During Thursday’s call with investors, Alphabet suggested that it’s too soon to tally the total impact of tariffs. However, Google’s business chief Philipp Schindler said that ending the de minimis trade exemption in May, which created a loophole benefitting many Chinese e-commerce retailers, could create a “slight headwind” for the company’s ads business, specifically in the Asia-Pacific region. The loophole allows shipments under $800 to come into the U.S. duty-free.
Despite this backdrop, Alphabet showed steady growth in its advertising and search business, reporting $66.89 billion in revenues for its advertising unit. That reflected 8.5% growth from the year-ago period. The company reported $8.93 billion in advertising revenue for its YouTube business, shy of an $8.97 billion estimate from StreetAccount.
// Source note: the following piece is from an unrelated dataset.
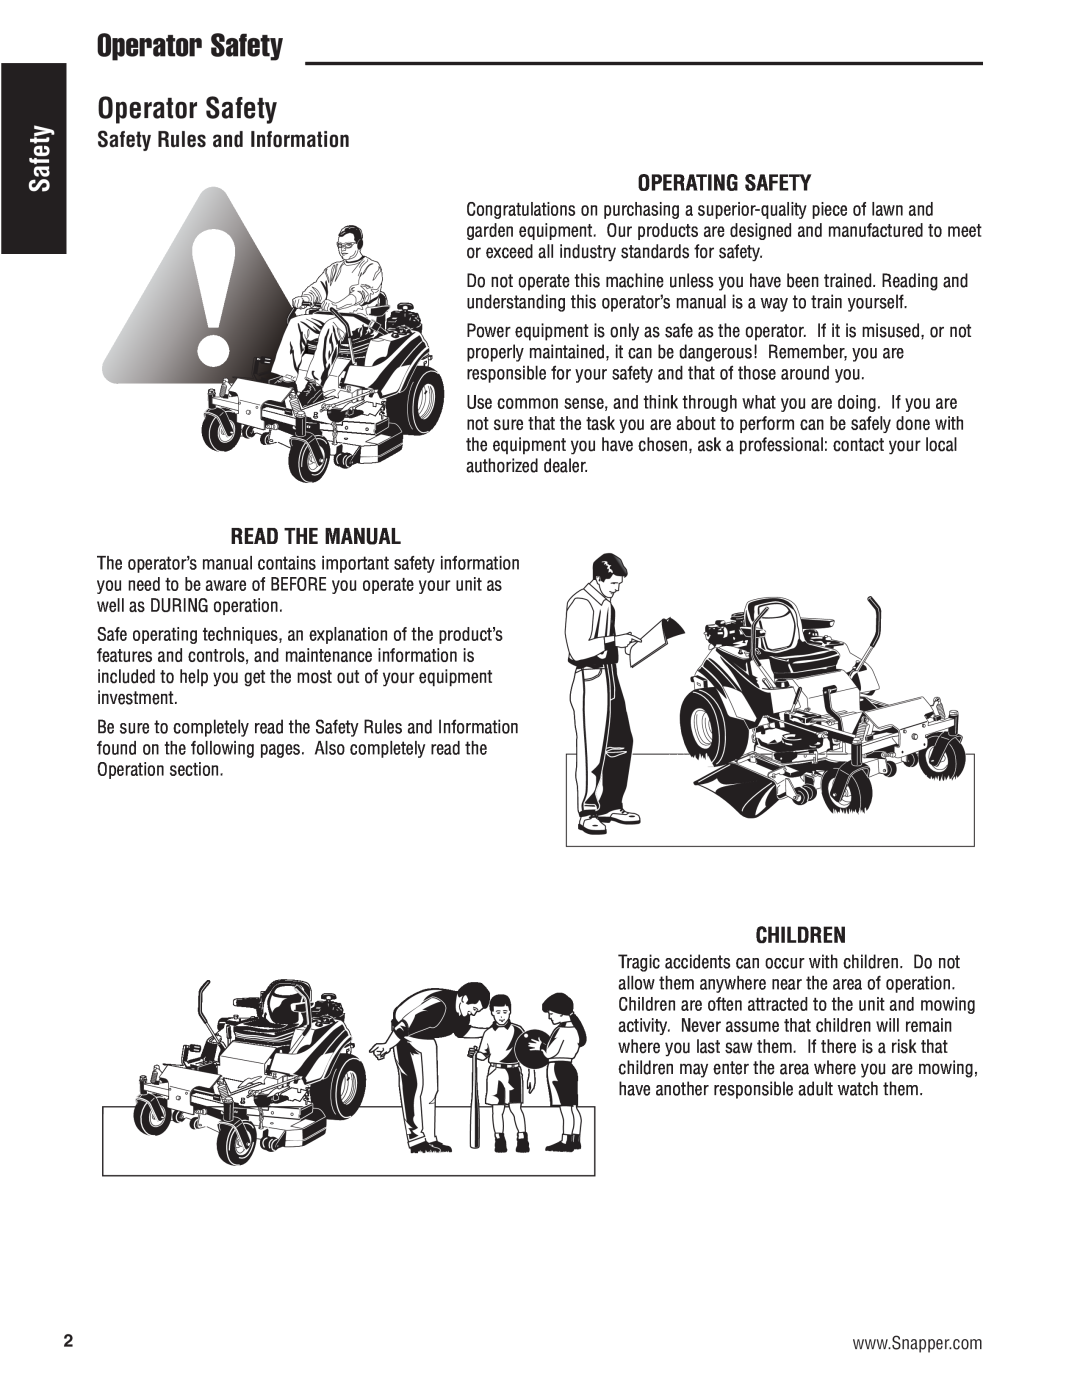 Snapper 500Z manual Operator Safety, Safety Rules and Information OPERATING SAFETY, Read The Manual, Children

Alphabet’s “Search and other” unit rose 9.8% to $50.7 billion, up from $46.16 billion last year. The company said that its AI Overviews tool used in its Google search results page has accumulated 1.5 billion monthly users from a billion in October.
Bank of America analyst Justin Post said that Wall Street is underestimating the upside potential and “monetization ramp” from this tool and cloud demand fueled by AI.
“The strong 1Q search performance, along with constructive comments on Gemini [large language model] performance and [AI Overviews] adoption could help alleviate some investor concerns on AI competition,” Post wrote in a note.